# Patterned Nails?



## MeganElizabethx (May 19, 2009)

Recently i've been playing round with patterns on my nails. I really like my leopard print one, and i do like the zebra print one, but dont think it really works on me personally. What kind of patterns do you do on your nails? I really need new ideas!


----------



## Karren (May 19, 2009)

I don't pattern my nails... I'm lazy but check out Faith Abigails awesome Konad Nail Stamper.... https://forum.makeuptalk.com/f12...ace-94921.html


----------



## Bec688 (May 19, 2009)

I got over my konad nail stamper... I didn't do full patterns, just added things like flowers or butterflies. Patterns don't really suit me, or my style, but they can look fabulous on others.


----------



## McRubel (May 19, 2009)

Check out user LolaB's NOTD. She's really creative! https://forum.makeuptalk.com/f12...9-a-95232.html


----------



## MakeupByMe (May 20, 2009)

I have had zebra nails before Loved it I have Criss cross marks on my nails right now that are airbrushed ! I usually get different Airbrush patterns Or rhinestone designs That my Nail salon has


----------



## MeganElizabethx (May 28, 2009)

oooh thanks




dont suppose you can get the nail stamp in the uk?


----------



## Lucy (May 28, 2009)

yeah konad sells internationally. you can pick one up on ebay or just have a google around.


----------



## Bec688 (May 28, 2009)

I really like this as a patterned nail design. It's very feminine. This is done using the konad system.

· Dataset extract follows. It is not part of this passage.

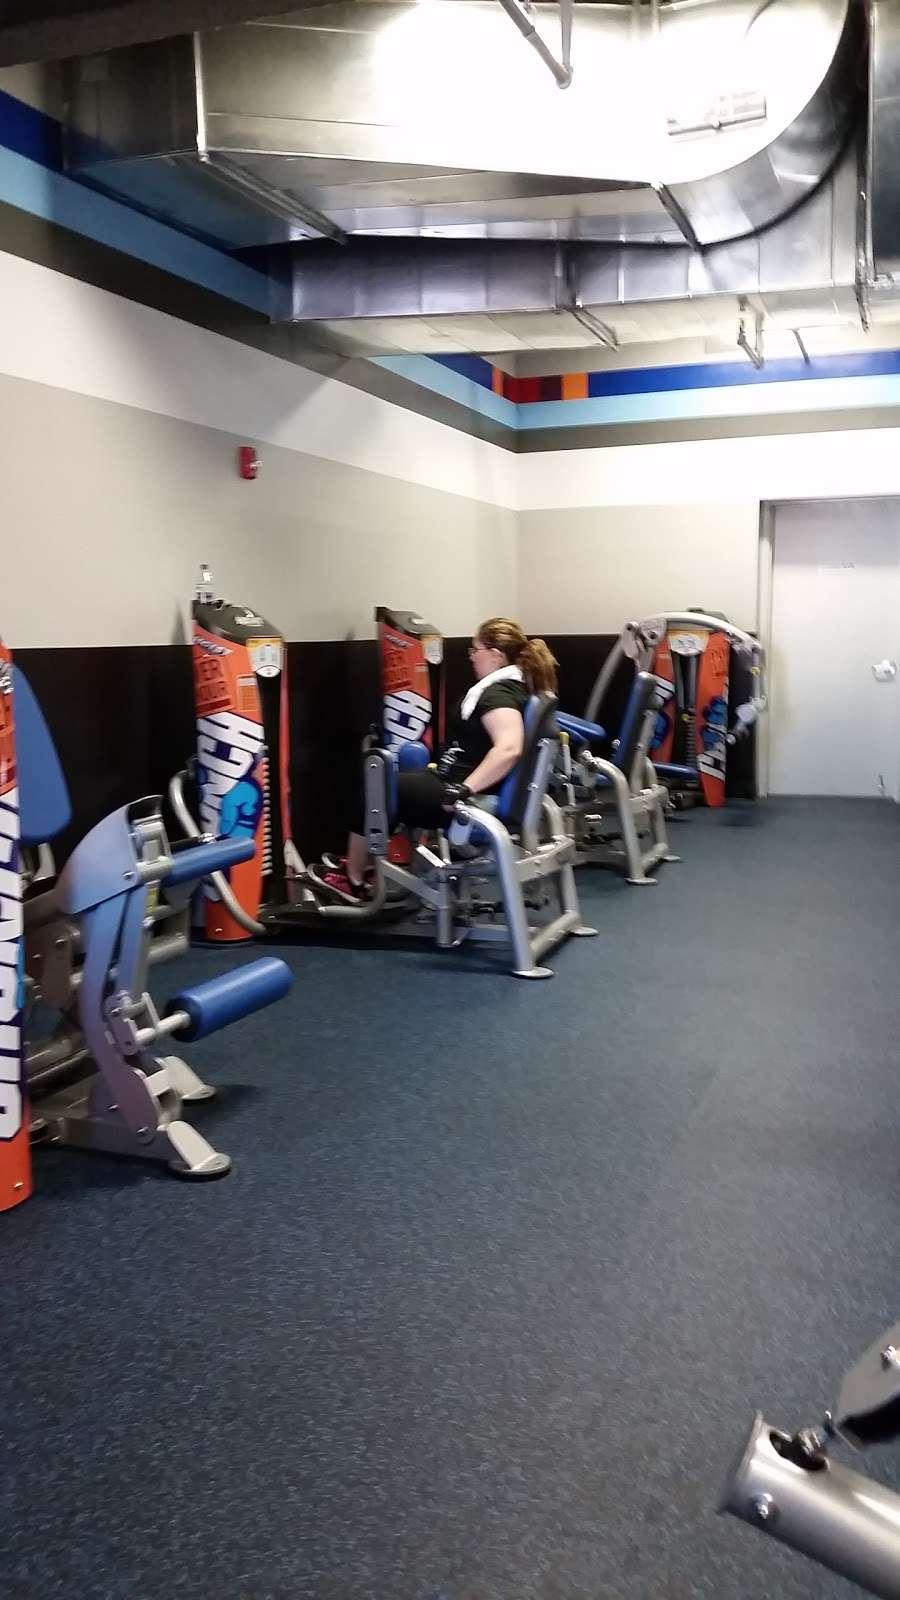 Crunch Fitness - Richmond Hill - gym  | Photo 5 of 10 | Address: 115-02 Jamaica Ave, Richmond Hill, NY 11418, USA | Phone: (646) 780-2050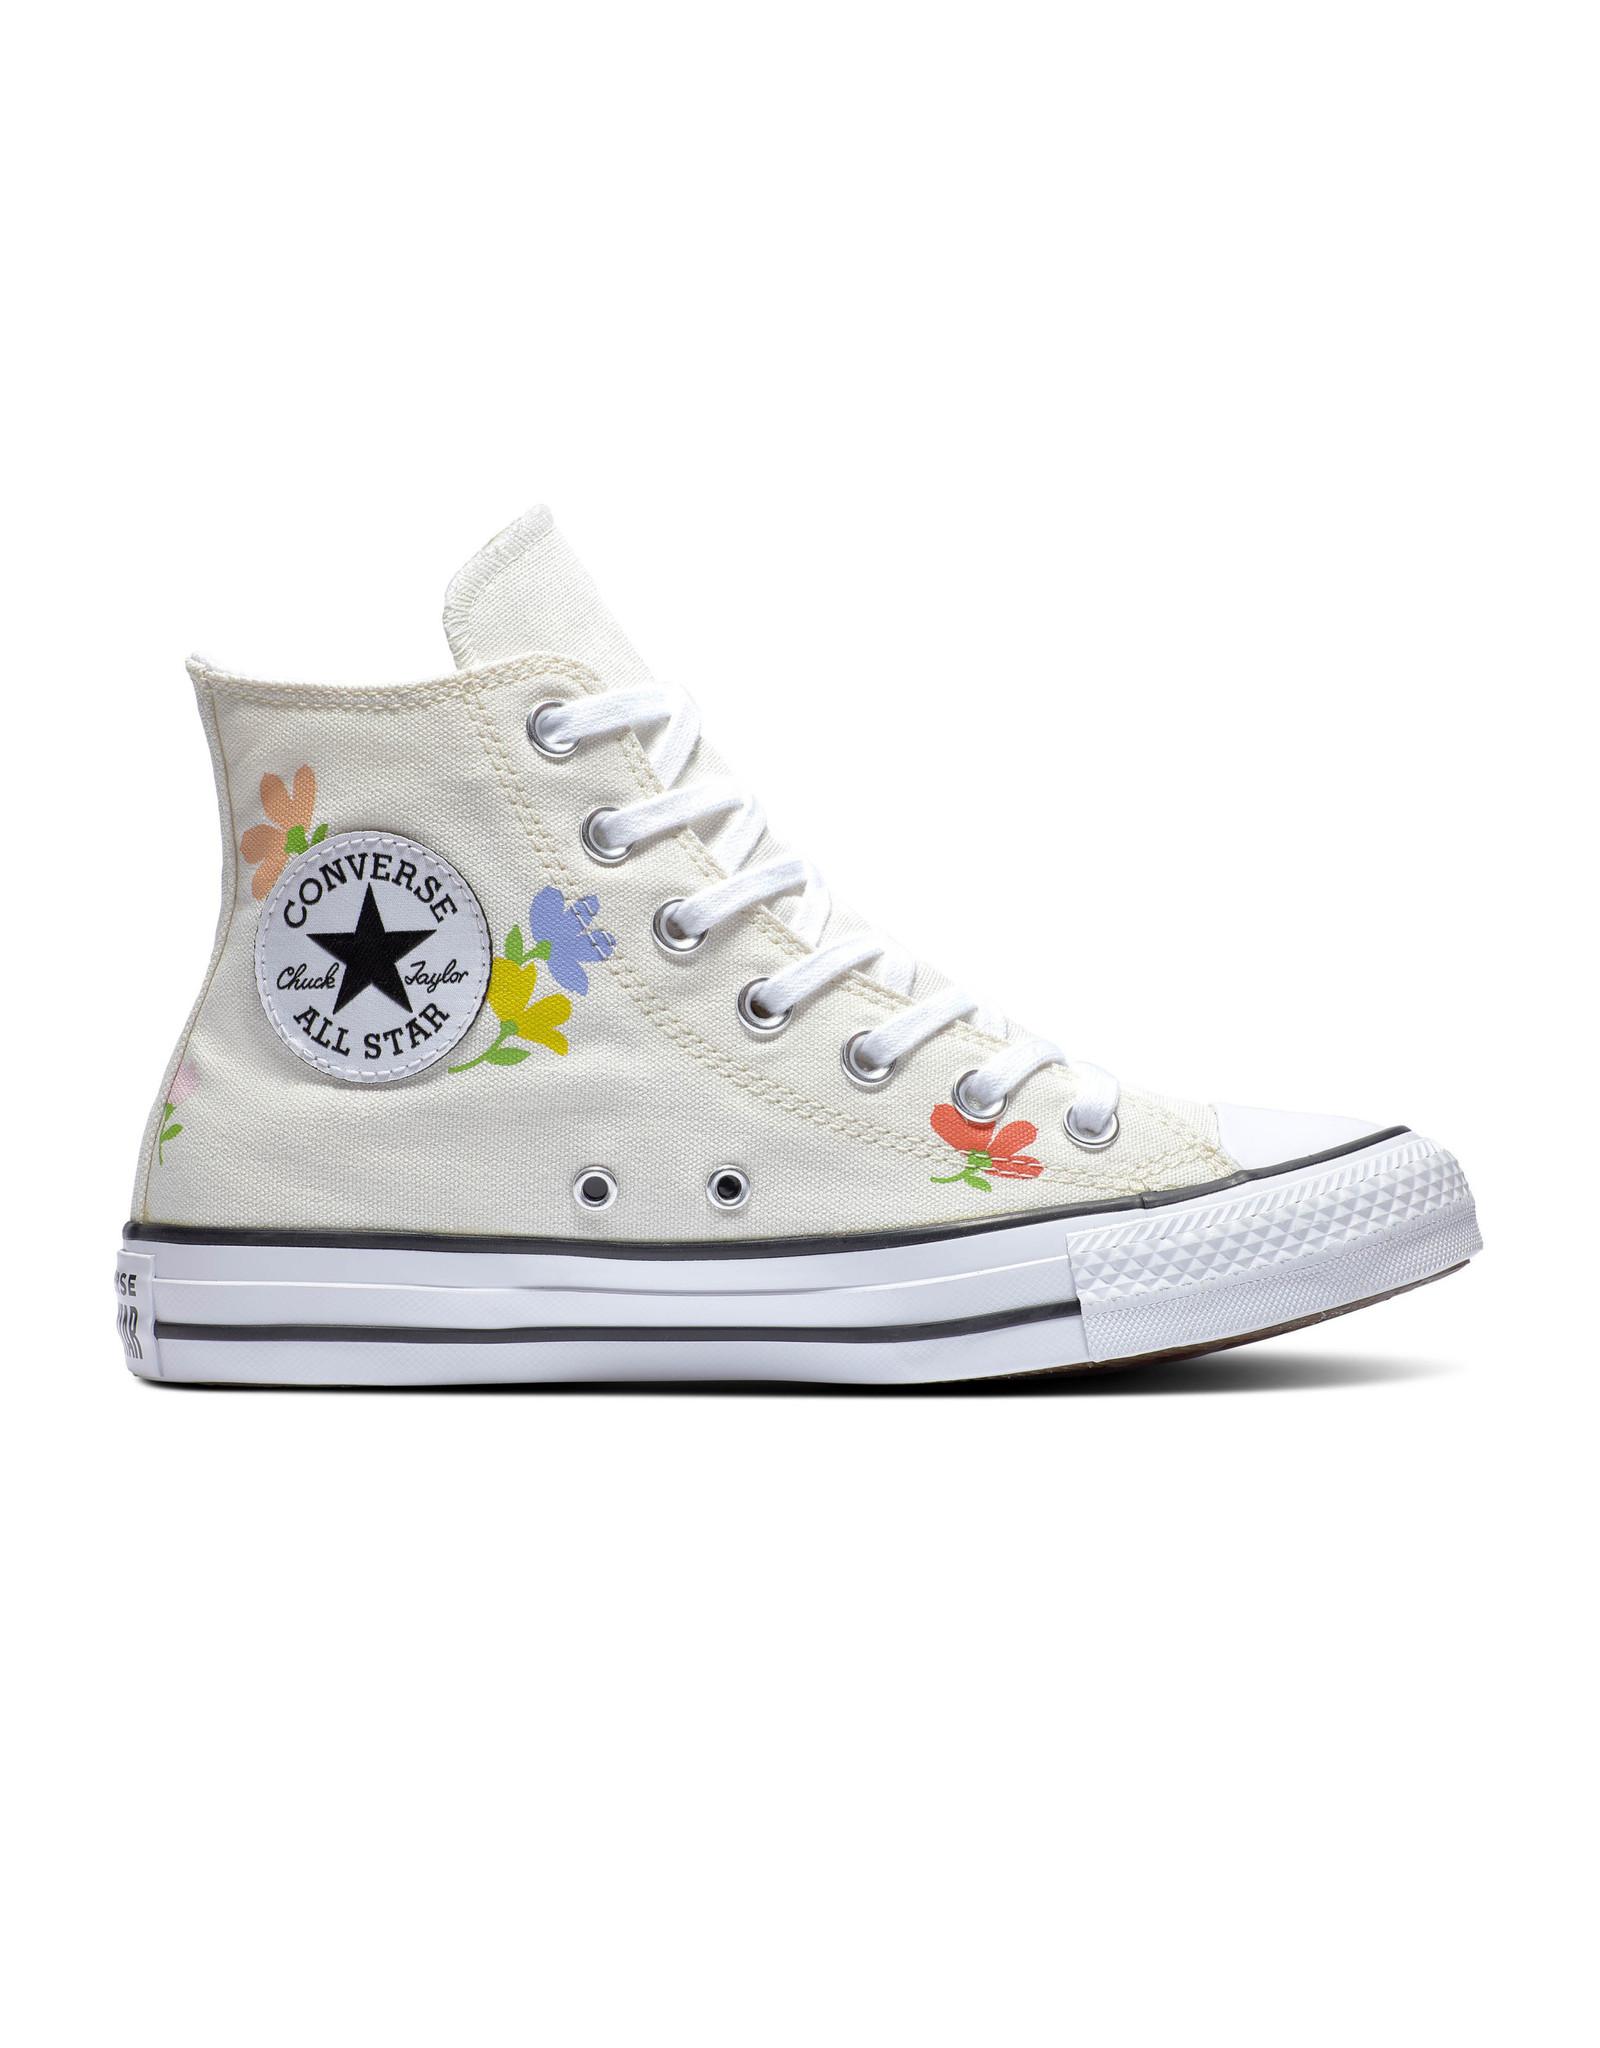 CONVERSE CHUCK TAYLOR ALL STAR HI EGRET/BLACK/WHITE C21FLOW-570919C

I have this plate, so I might give it a go.


----------



## Swan. (Jun 7, 2009)

I usually just do a multiple striped french or if I'm feeling particularly motivated, some kind of animal print on a french tip.

Yeah, I'm uncreative


----------



## vesna (Jun 8, 2009)

I used to be really into nail art but I'm too lazy to do anything exciting these days. I have some of the patterned french tip konad plates which I like though. It looks better on my nails when I just do the tips rather than the whole thing.


----------



## SalescoopKat (Jun 9, 2009)

Patterned nails are so interesting to look at! Unfortunately, I never the time to paint my nails so intricately!


----------